Your Particle device can send requests to turn all of your lights off with one command, or set individual light attributes one by one. Functions have been written to manipulate attributes for the /lights and /groups endpoints of the Hue API. To learn more about the Hue API check out the Philips Hue API documentation. To learn more about how Philips Hue works check out How Hue Works.

The Philips-Hue Particle library gives you the capability to configure for a single light or assigned group of lights...

  • On/Off - also on/off for all lights attached to a bridge
  • Hue
  • Saturation
  • Brightness
  • Color Temperature
  • Effects - Color Loop
  • Alerts - Alert & Flash

Getting Started

In order to get your Particle device talking to your Philips Hue Lights you're going to need a few things. First...
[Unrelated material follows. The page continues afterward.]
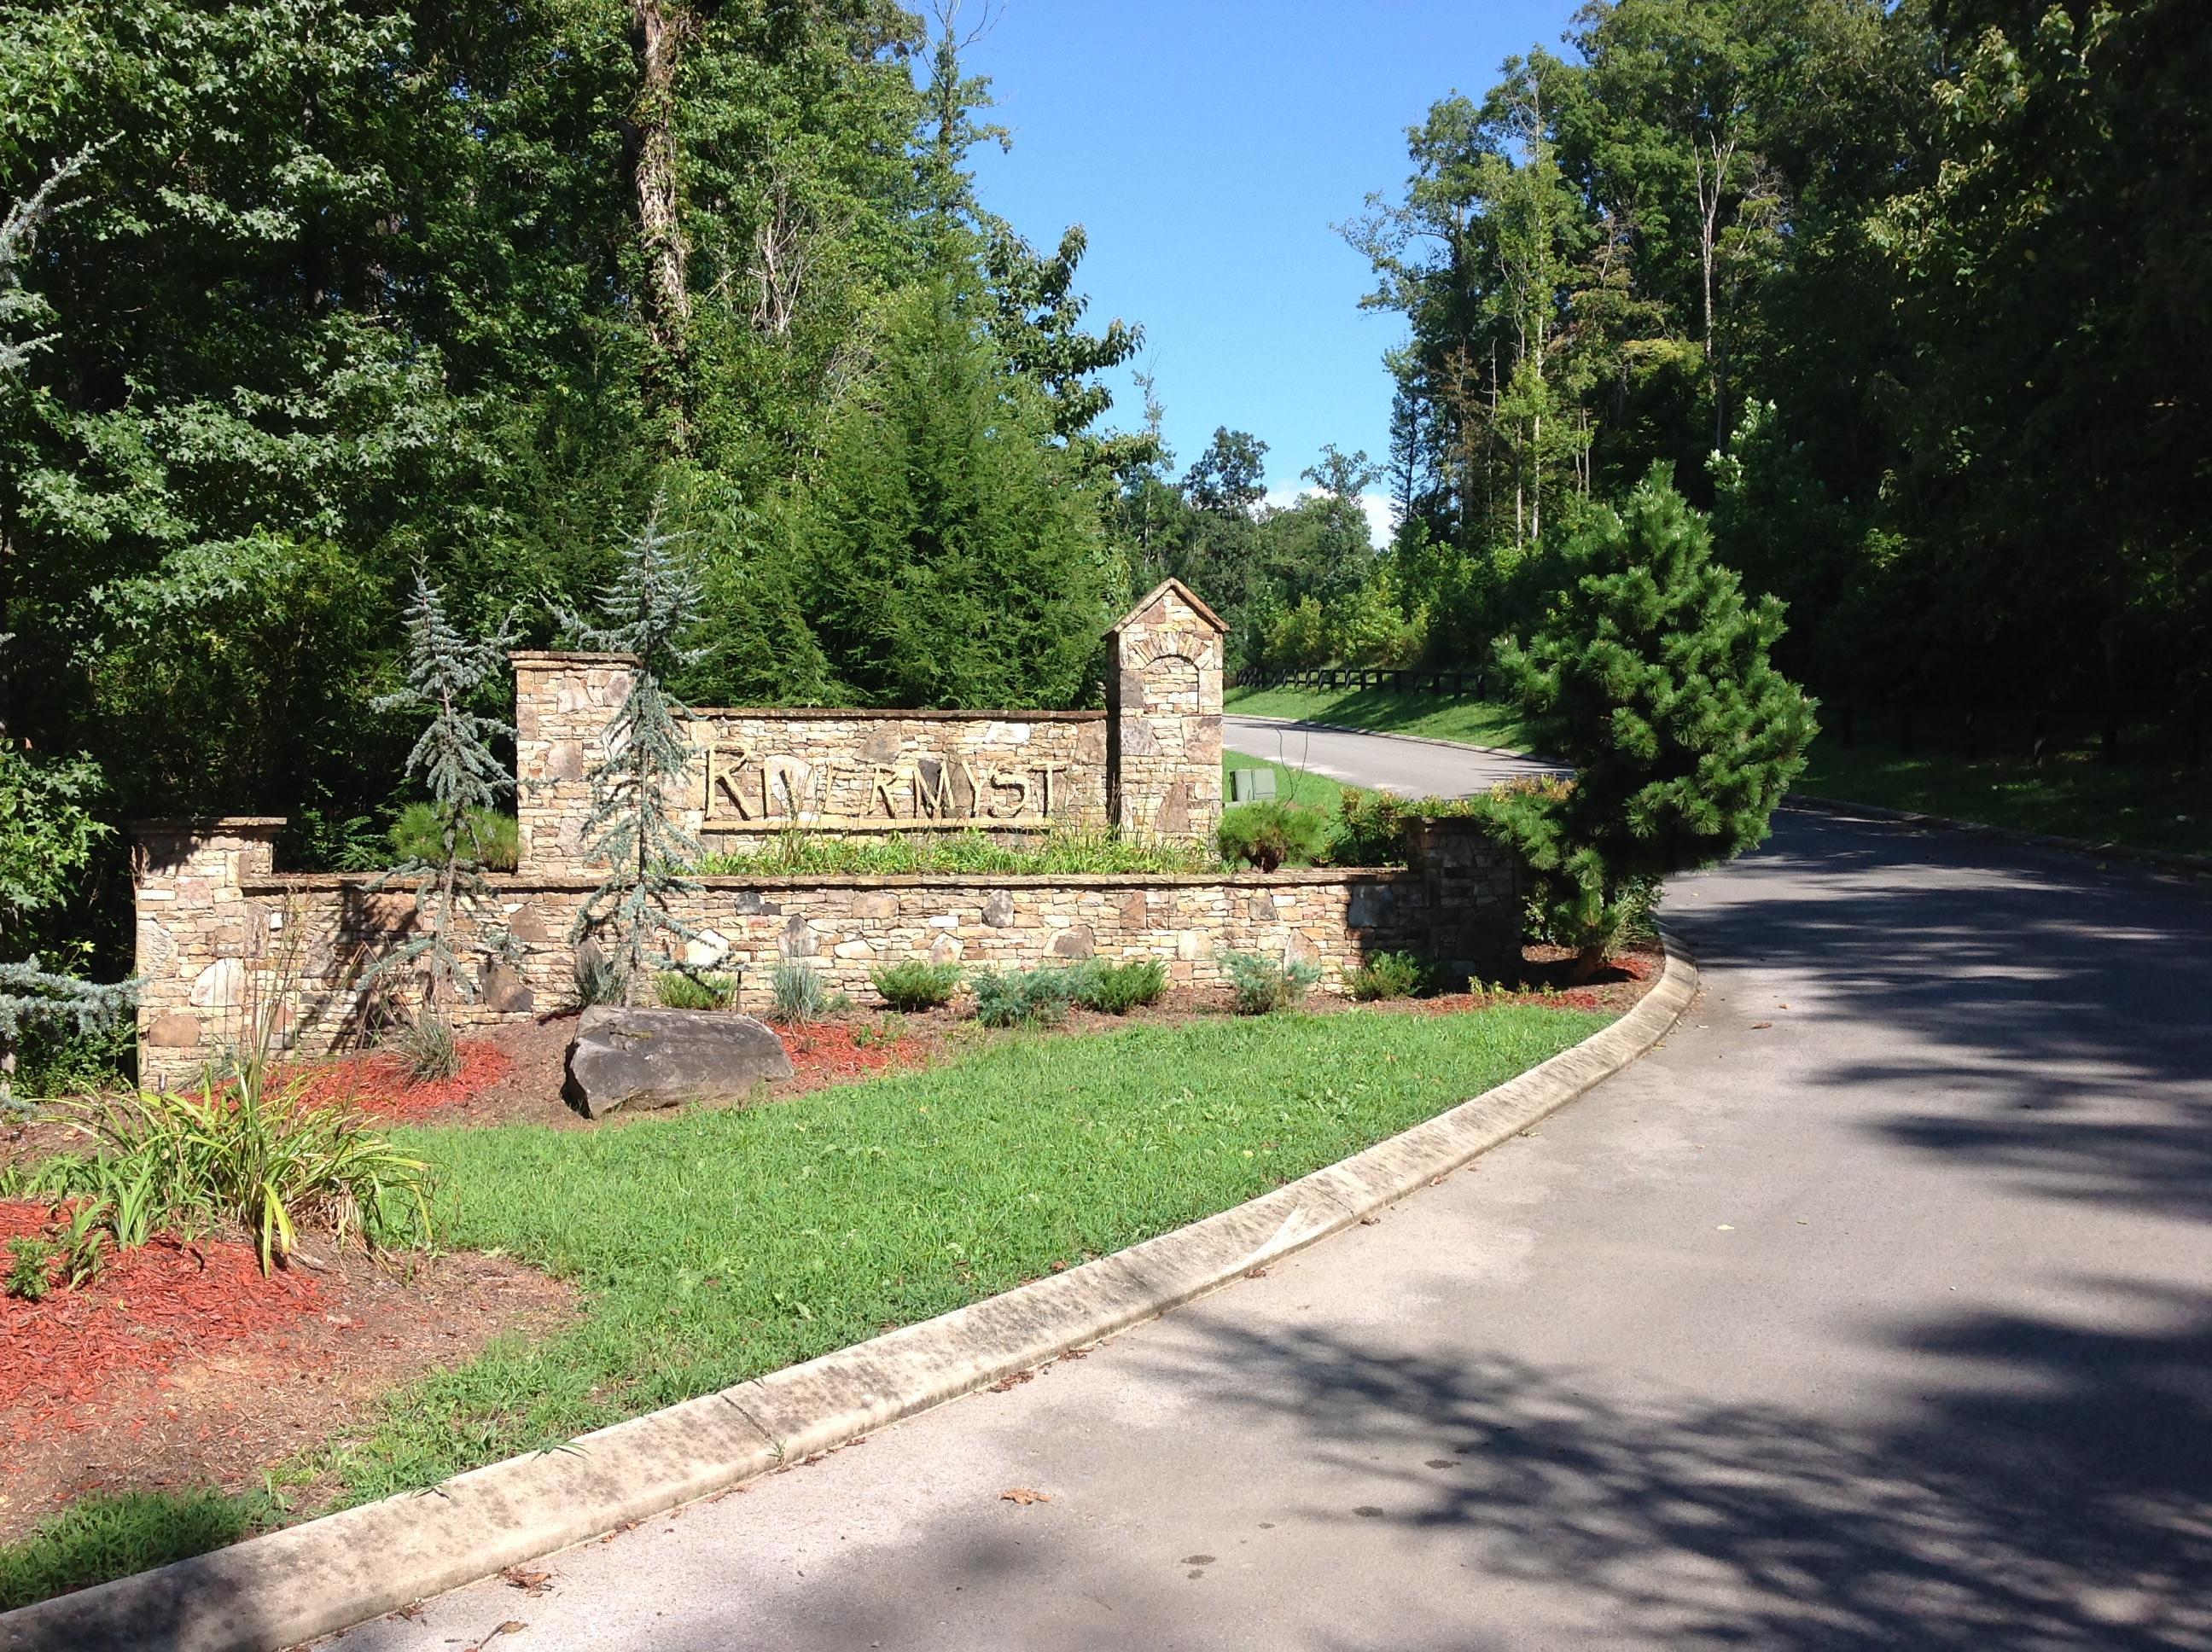 0 Rivermyst Dr, Spring City, TN 37381

  • Download and install the 'Philips-Hue' library to the lib folder of your Particle project.
  • Test out and install your Hue lights using Philips Hue App to ensure everything is working properly first. Currently no endpoints are exposed in the library for registering new lights.
  • You'll need physical access to the Hue Bridge in order to complete the app registration process.

Let's get started!

App Registration

To start communicating with the Hue Bridge you need to authenticate your application with the Philips Hue bridge. In order to do so you must have physical access to the bridge. Essentially, your application makes an API request for a username hash, you press the button on the top of the bridge, and then request a username again. Your second request returns you this...

[
	{
		"success": {
			"username": "WCBrB5gCdiIULlmTCcrbXh1bLjXYDSBmVzx5N2Ue"
		}
	}
]

In order to communicate with the bridge you must set the hueUser variable at the top of the example files to your username.
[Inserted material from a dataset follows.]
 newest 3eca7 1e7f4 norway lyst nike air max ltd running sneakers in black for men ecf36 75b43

In the example directory you'll find an example named 'getUsername'. Download this example and fill in your Philips Hue bridge details. You'll also need to fill in the IP address of the Hue Bridge. There a few ways to get this. Either log in to your routers admin page (usually found at http://192.168.1.1) and check the attached/connected devices. Alternatively hop over to the Philips Hue Bridge Discovery Guide for more ideas to discover the bridge's IP using tools like UPnP

Once you've filled in those details, flash the example, and follow the instructions in the serial terminal. When prompted, press the button on the bridge. Return to your serial terminal and send some data back to the Particle device to break the wait loop. (Literally send anything, a carriage return, a secret message, doesn't matter) This triggers the Particle device to send a second request for your username, which should then return the above success message. Save the hash in a safe spot! You'll need it for the other examples.
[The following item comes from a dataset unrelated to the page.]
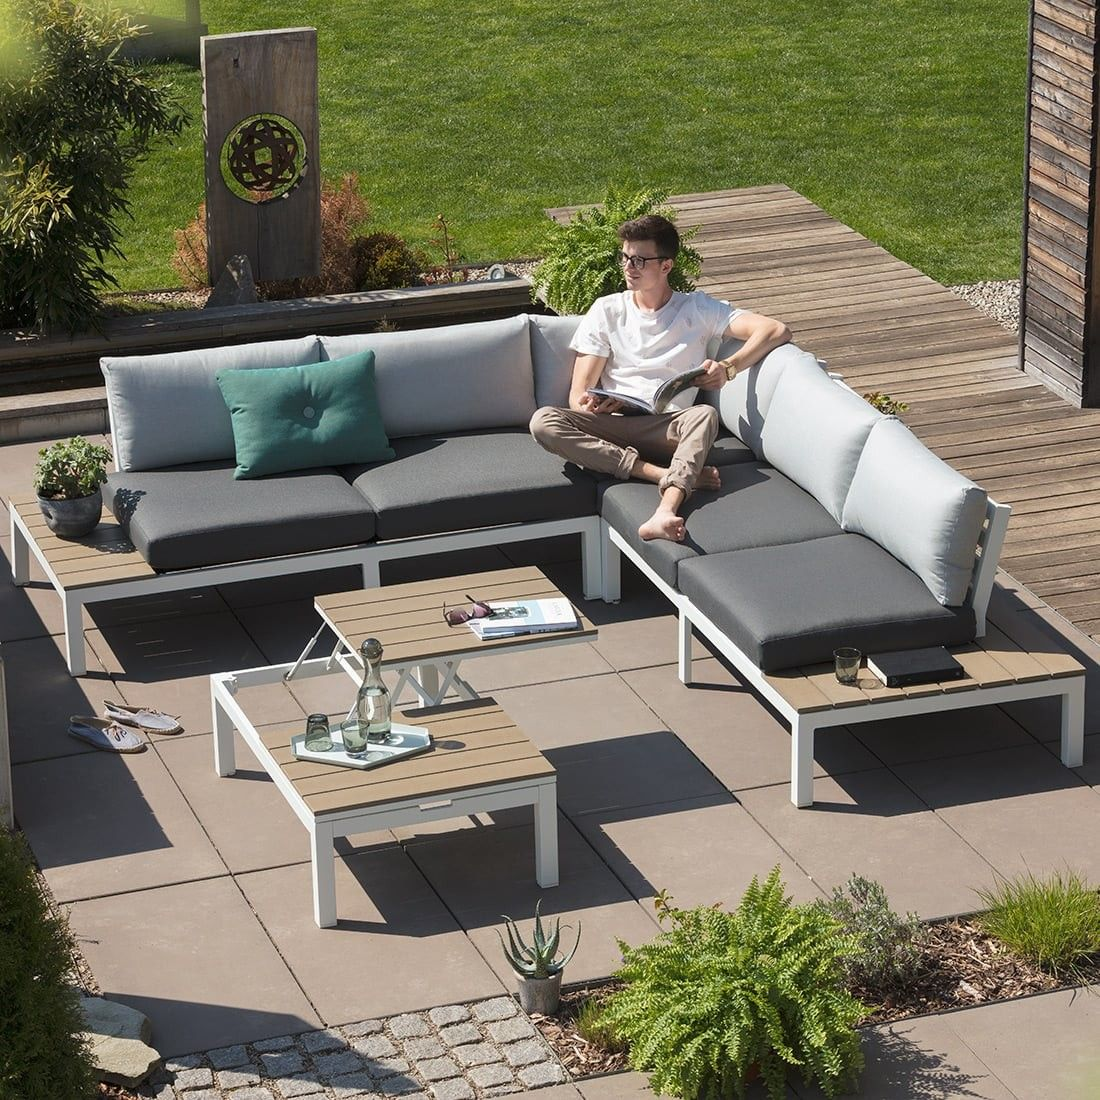 Exklusive Gartenmobel Outliv Hamilton Loungemobel Polyrattan 5 Tlg Loungeset Gartenlounge Lounge Outdoor Lounge Mobel Gartenmobel Lounge Set Garten Lounge Set

That's it! Now you have everything you need to start changing the state of your lights using your Particle device!

Blinky

The defacto 'Hello World' of embedded hardware projects. Here's our example. Just fill in your details from the 'getUsername' example and voila!

#define hueUser ""      //ex: "Ur80SKqRKO0ojlFInzdjAZEHy0kjYWznakufY60m"
char hueBridge[] = "";  // hue bridge ip address ex: "192.168.1.3"

All the hue lights in your house will start blinking, turning on for 3 seconds, and then off for 3 seconds. The 'hueBlinky' example queries the bridge for all registered 'Groups' and then successively toggles all the lights.

Things you should know...

  • You can safely send about 10 /lights endpoint commands in a row/second before things get strange.
  • You can only send 1 /groups targeted command per second! Be careful not to overload the bridge.
  • A list of other interesting design decisions and intricacies of the Hue Lights API can be found here.

Coming Soon

  • Additional examples
  • Ability to install the plugin through the Particle CLI
  • Ability to submit custom JSON to /groups and /lights endpoints
  • More global attribute functions for changing attributes accross all groups

Contributions

This library was ported from the hueDino Arduino library by Brian Carbonette and Andium. Shout out to Nils Mattisson for Spark Core HTTP Client and Benoit Blanchon for ArduinoJson.